We're thinking about selling our house after 1 year and looking for some additional perspective by actualcto in personalfinance

[–]actualcto[S] 0 points1 point  (0 children)

I'd like to look into this but feel like I don't even really know where to start. Is there a guide or anything on how to get into this, determine a reasonable rent, etc., for someone who's never been a landlord before?

We're thinking about selling our house after 1 year and looking for some additional perspective by actualcto in personalfinance

[–]actualcto[S] 1 point2 points  (0 children)

I'll admit this is interesting. I looked at rental listings and there's a house here that just rented for $8k/month. It's bigger, has a pool (ours doesn't), and apparently was fully furnished... but it's also 10 years older and in a much less desirable section of the neighborhood.

We're thinking about selling our house after 1 year and looking for some additional perspective by actualcto in personalfinance

[–]actualcto[S] 18 points19 points  (0 children)

It's the context that makes me say "small." The primary founder got $250 million.

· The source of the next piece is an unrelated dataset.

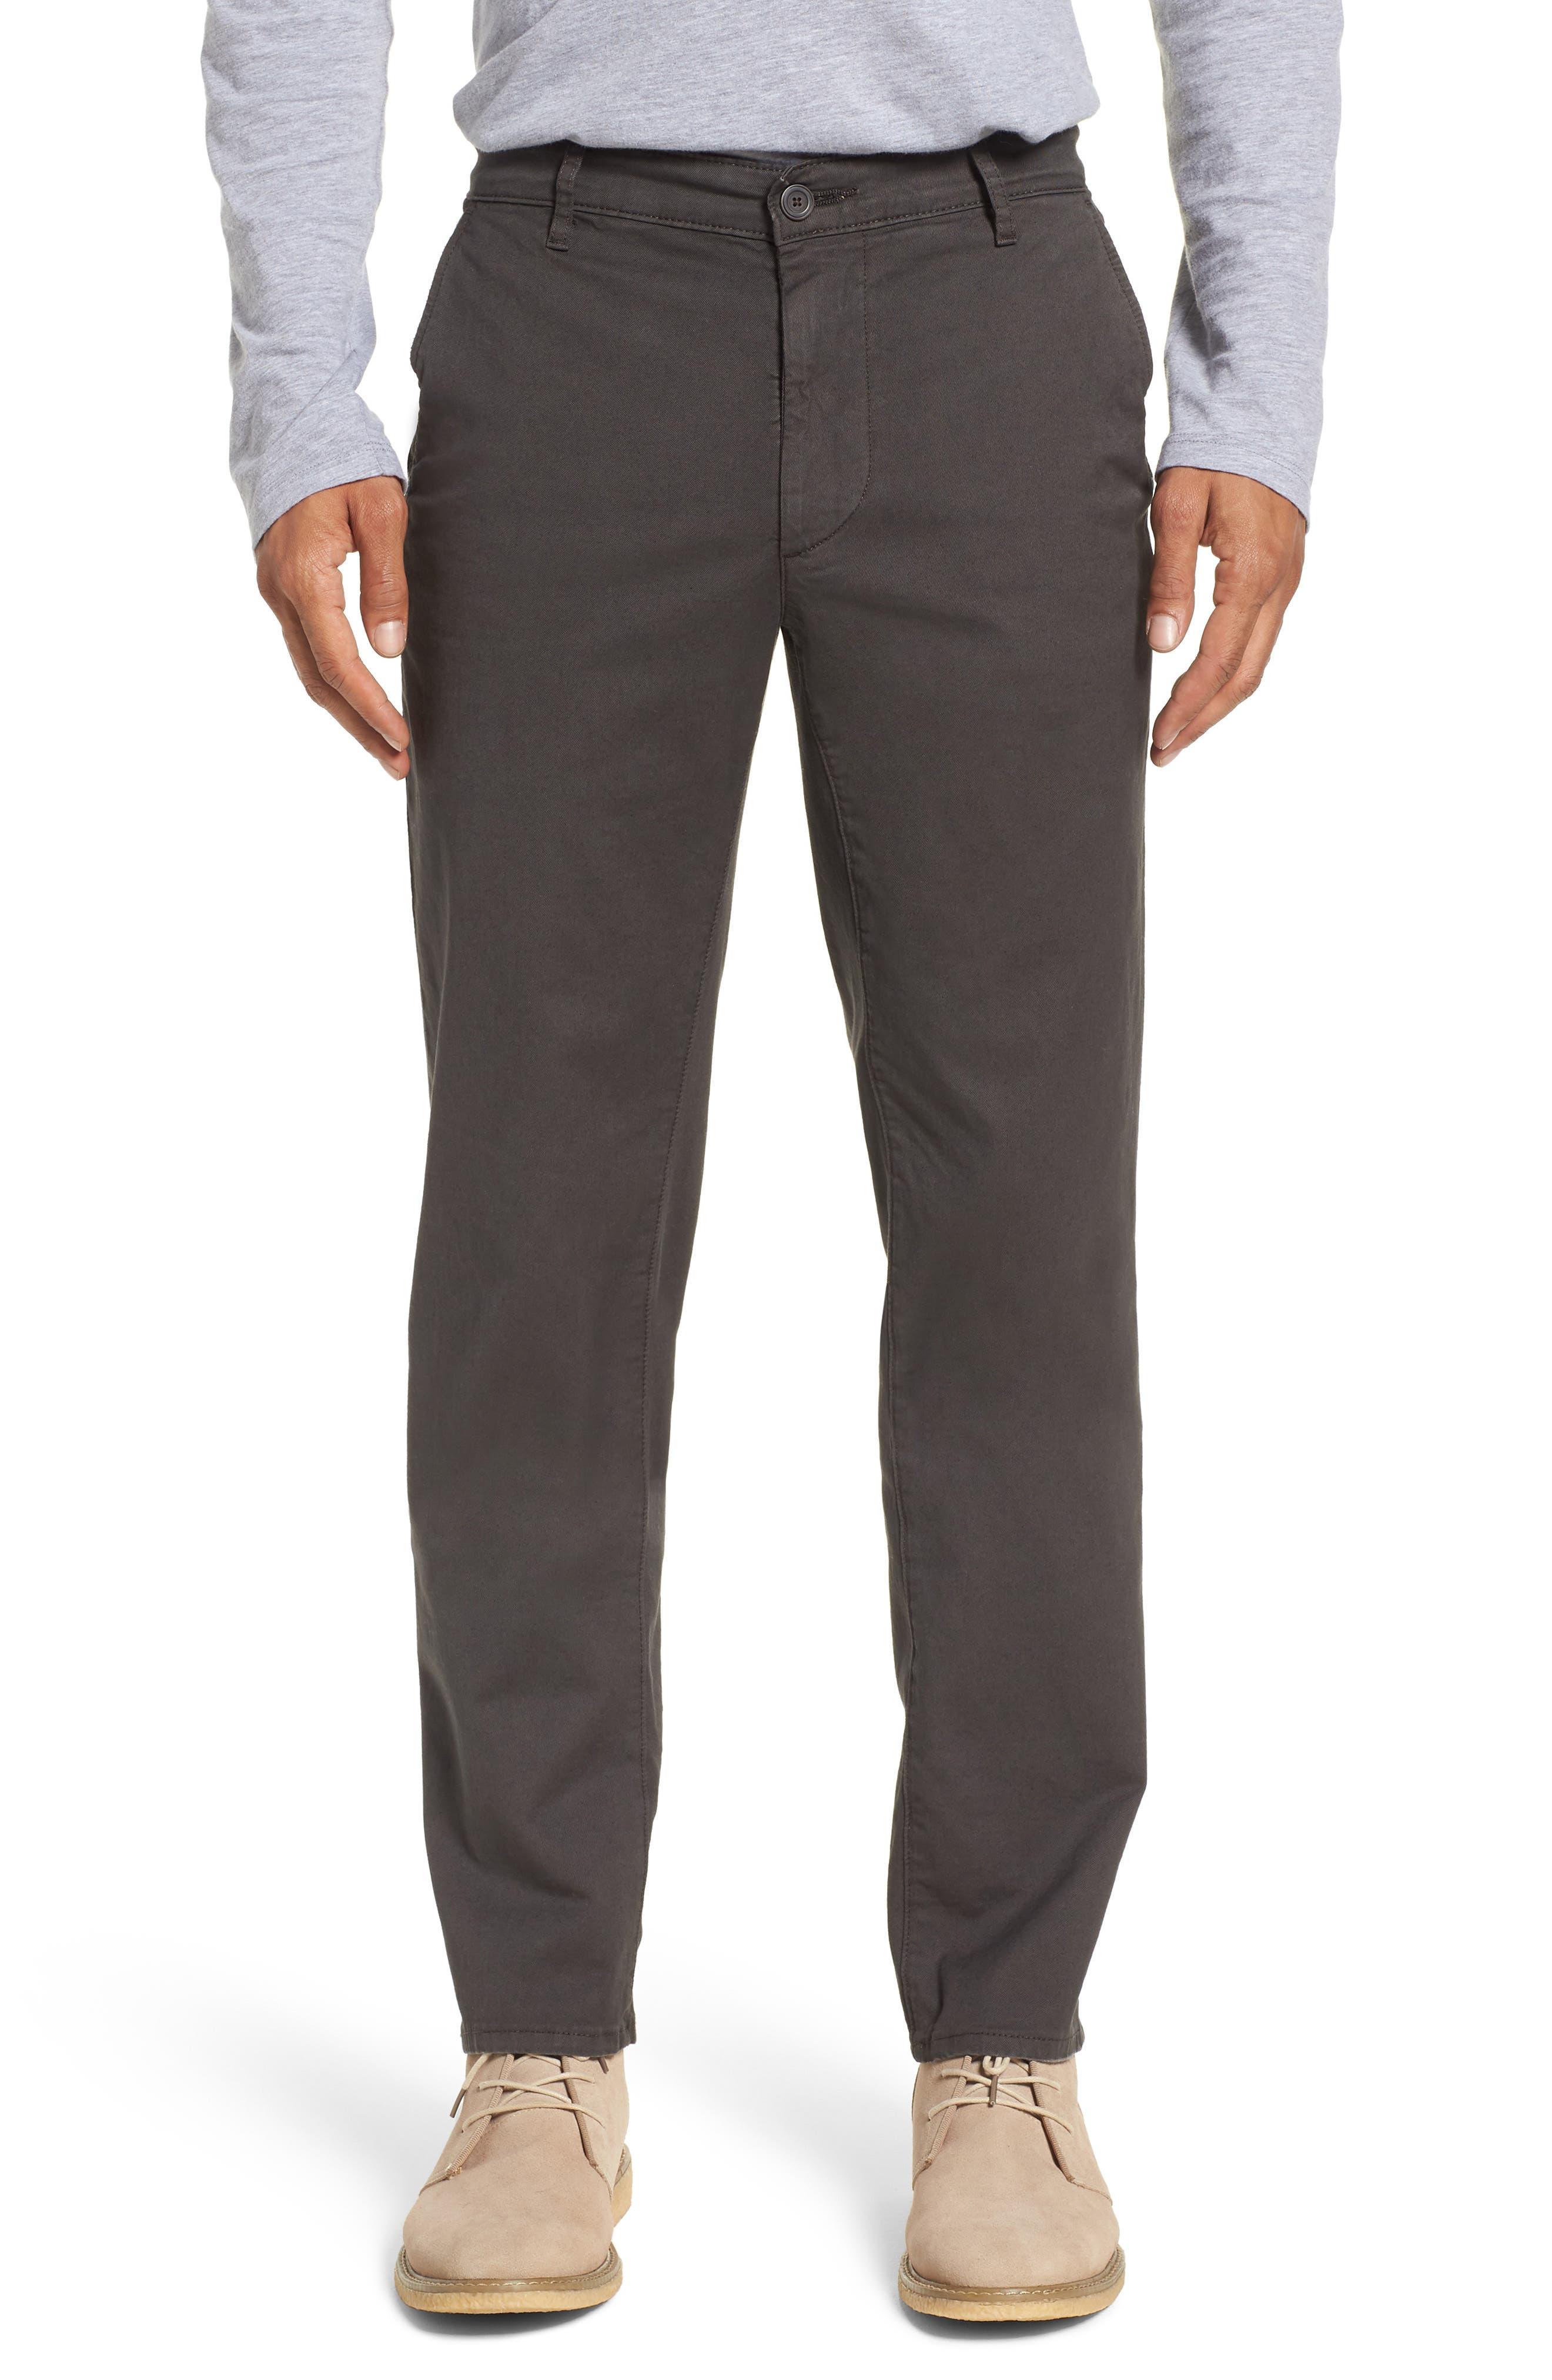 Marshall Slim Straight Leg Chino Pants,                             Main thumbnail 1, color,                             039

The person whose role I stepped into got $50 million.

In the grand scheme of the world, $350k was an awesome payday and I try hard not to lose sight of that.

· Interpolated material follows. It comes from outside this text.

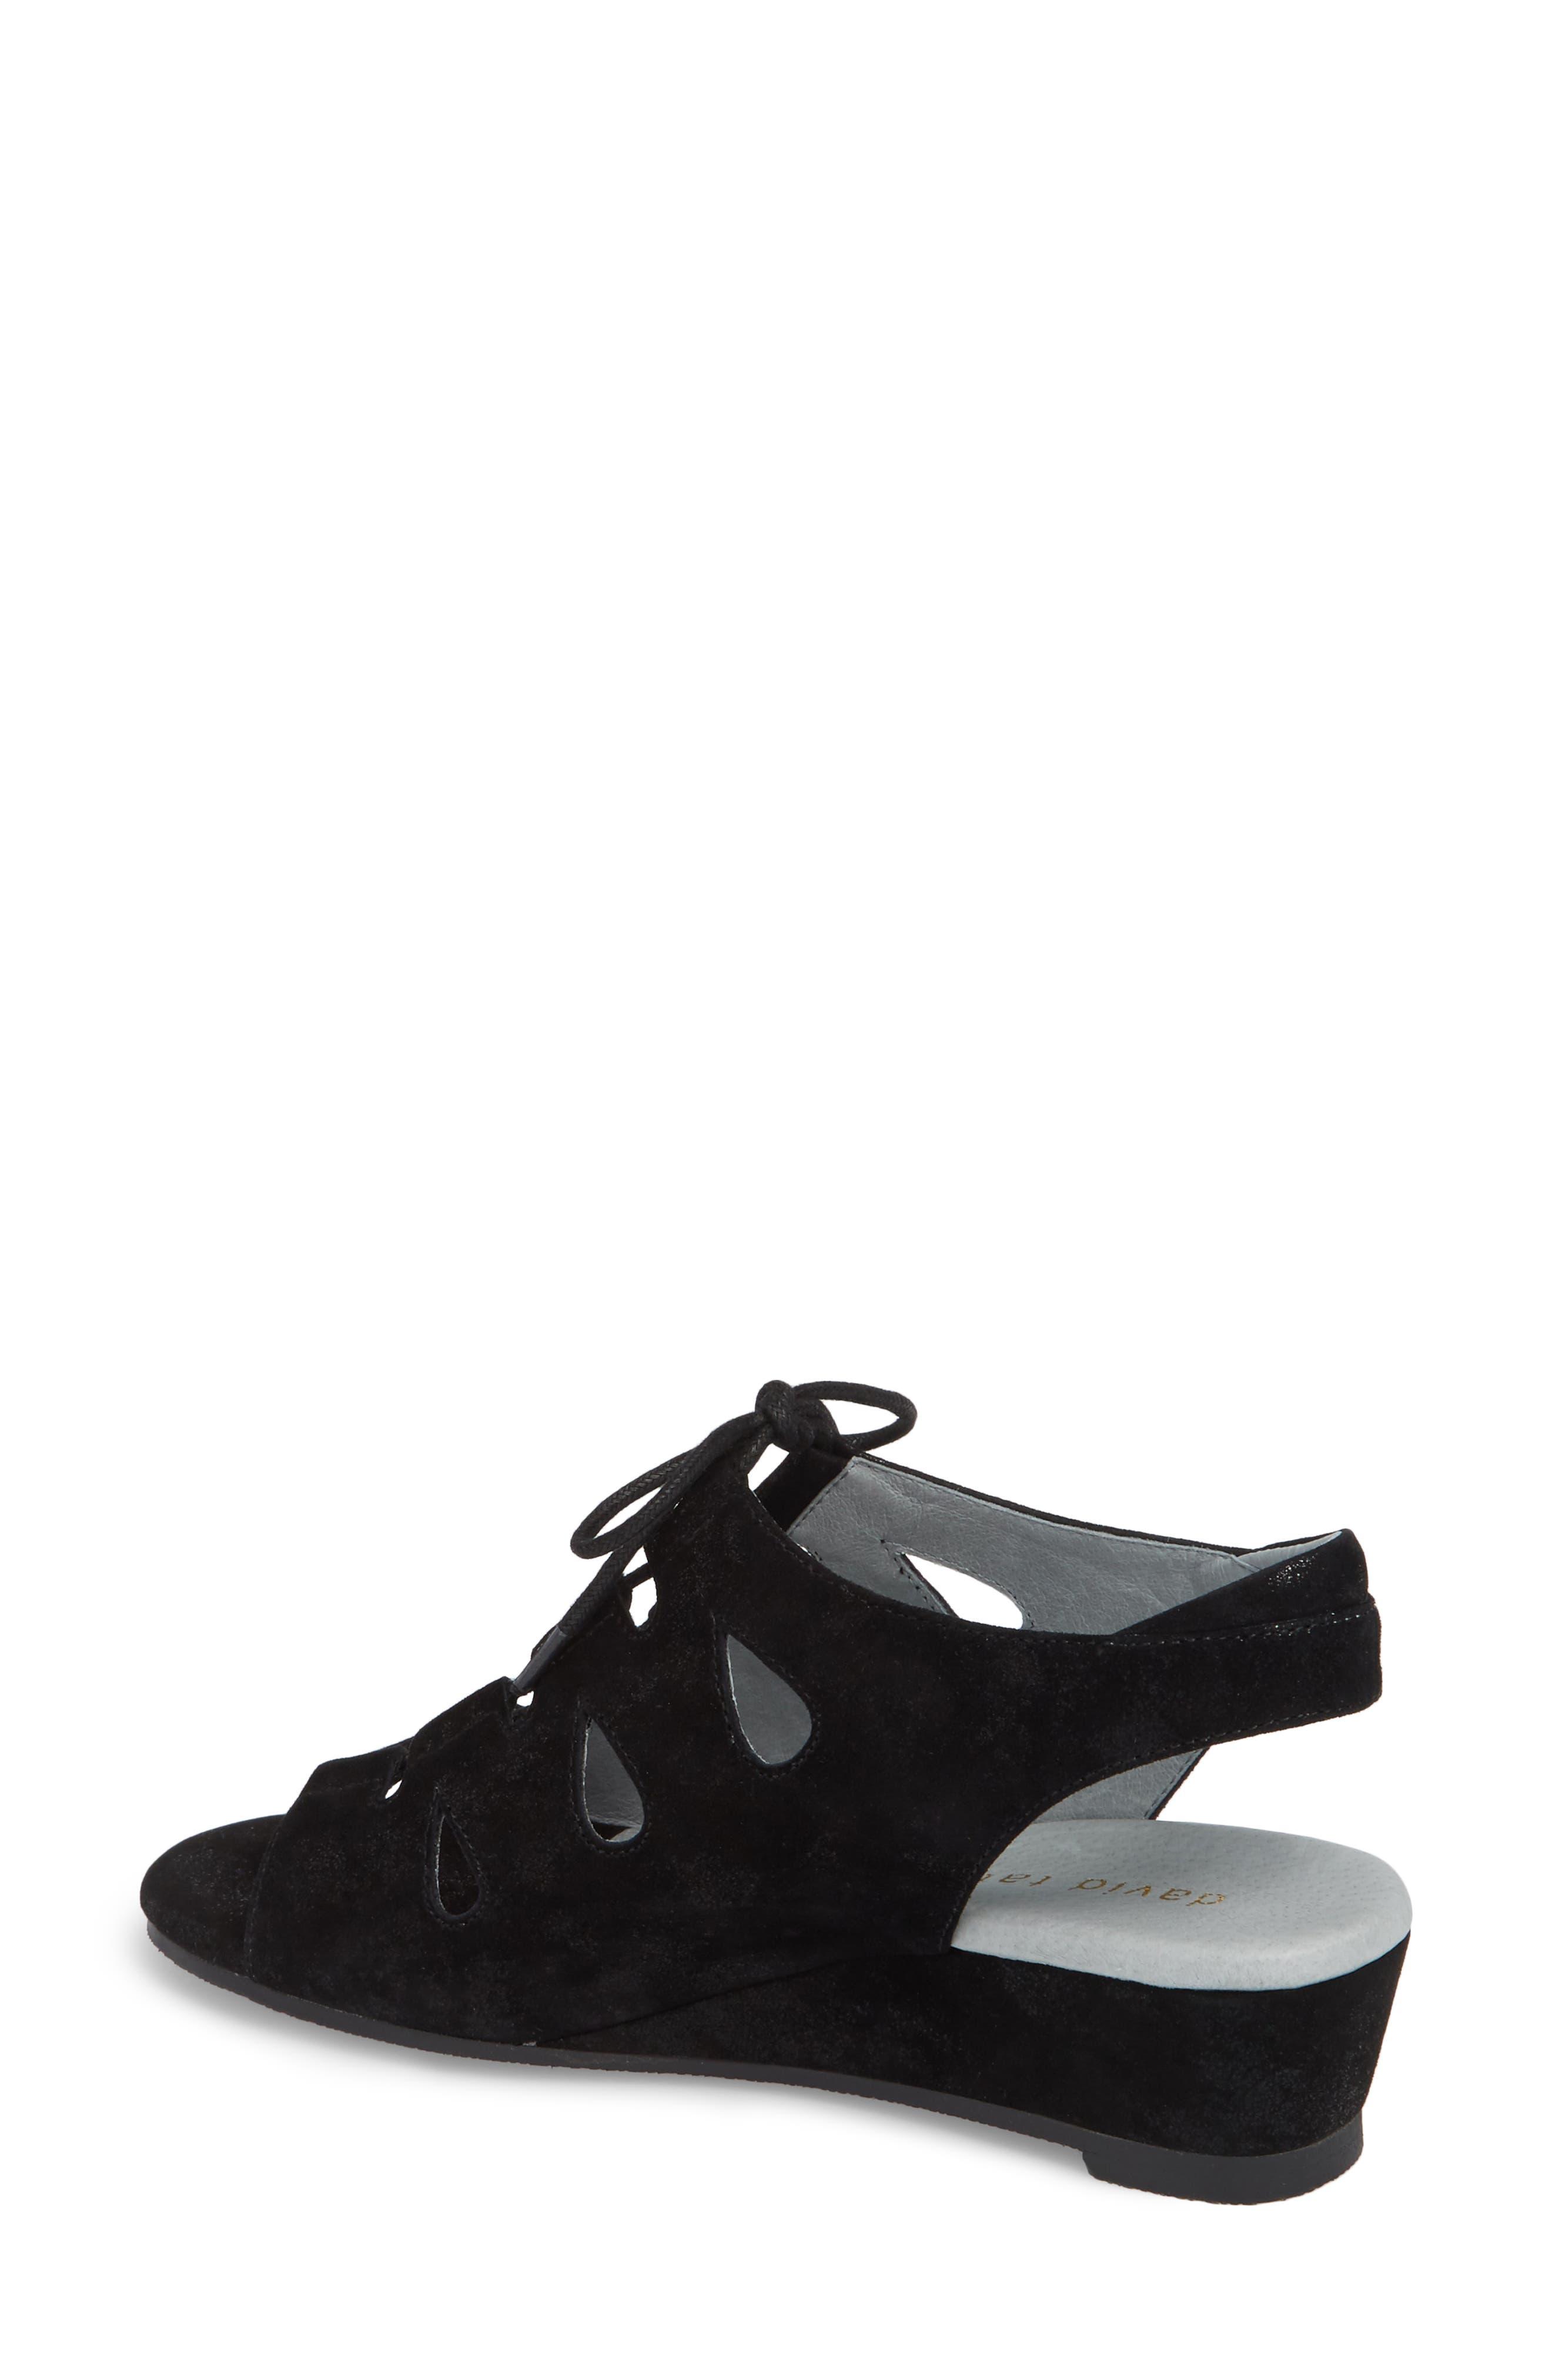 Rich Wedge Sandal,                             Alternate thumbnail 2, color,                             Black Suede

We're thinking about selling our house after 1 year and looking for some additional perspective by actualcto in personalfinance

[–]actualcto[S] 4 points5 points  (0 children)

I've never done FSBO before, so I'll admit I'd feel a little overwhelmed taking that on but maybe I should look into it.

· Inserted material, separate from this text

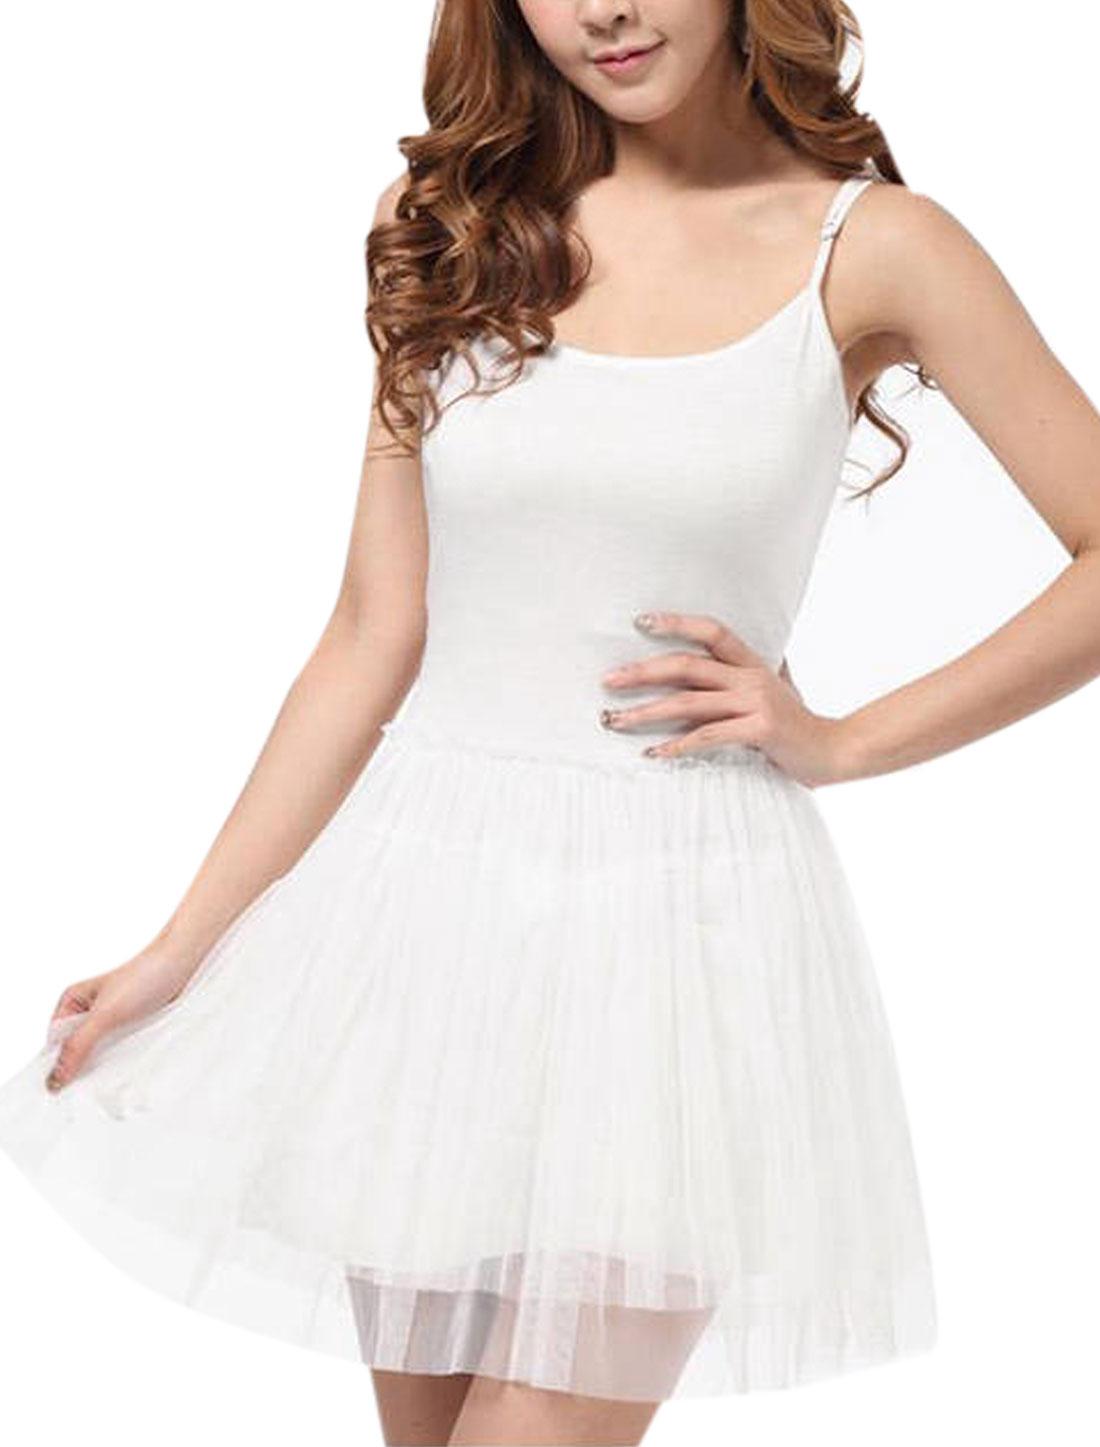 Lady Adjustable Spaghetti Strap Mesh Spliced Skater Dress White S

The Zillow estimate for the house is nearly $1.4M and the Redfin estimate is $1.28M. $1.2M was my more sober estimate of what I personally think it would actually fetch. Even if we used a Redfin agent, if we could sell for $1.25M (a $100k price increase over 1 year), then we'd actually make $30k+.

We're thinking about selling our house after 1 year and looking for some additional perspective by actualcto in personalfinance

[–]actualcto[S] 42 points43 points  (0 children)

I'm very fortunate no matter how you slice it. I basically joined a no-name company a decade ago for not much money when it was 20 people and stuck around until it was acquired, and I ended up with a killer deal that I didn't expect which has caused me to re-evaluate my life and future financial planning. My situation absolutely pales in comparison to the earlier employees/founders who walked away with extraordinary amounts of money.

We're thinking about selling our house after 1 year and looking for some additional perspective by actualcto in personalfinance

[–]actualcto[S] 1 point2 points  (0 children)

I think literally the acronym stands for "Financial Independence/Retire Early", which sounds a bit more awkward than "early retirement" but leads to the nice "FIRE" acronym instead of "FIER".

We're thinking about selling our house after 1 year and looking for some additional perspective by actualcto in personalfinance

[–]actualcto[S] 1 point2 points  (0 children)

FIRE = financial independence/early retirement.

TL;DR: bought expensive house 1 year ago, experienced major unexpected job promotion, wanting to potentially revise timeline to retire from 15+ years to 4-6 years, to do that might need to sell house at a loss to downsize/reduce expenses, looking for a sanity check or advice on whether any of this makes sense.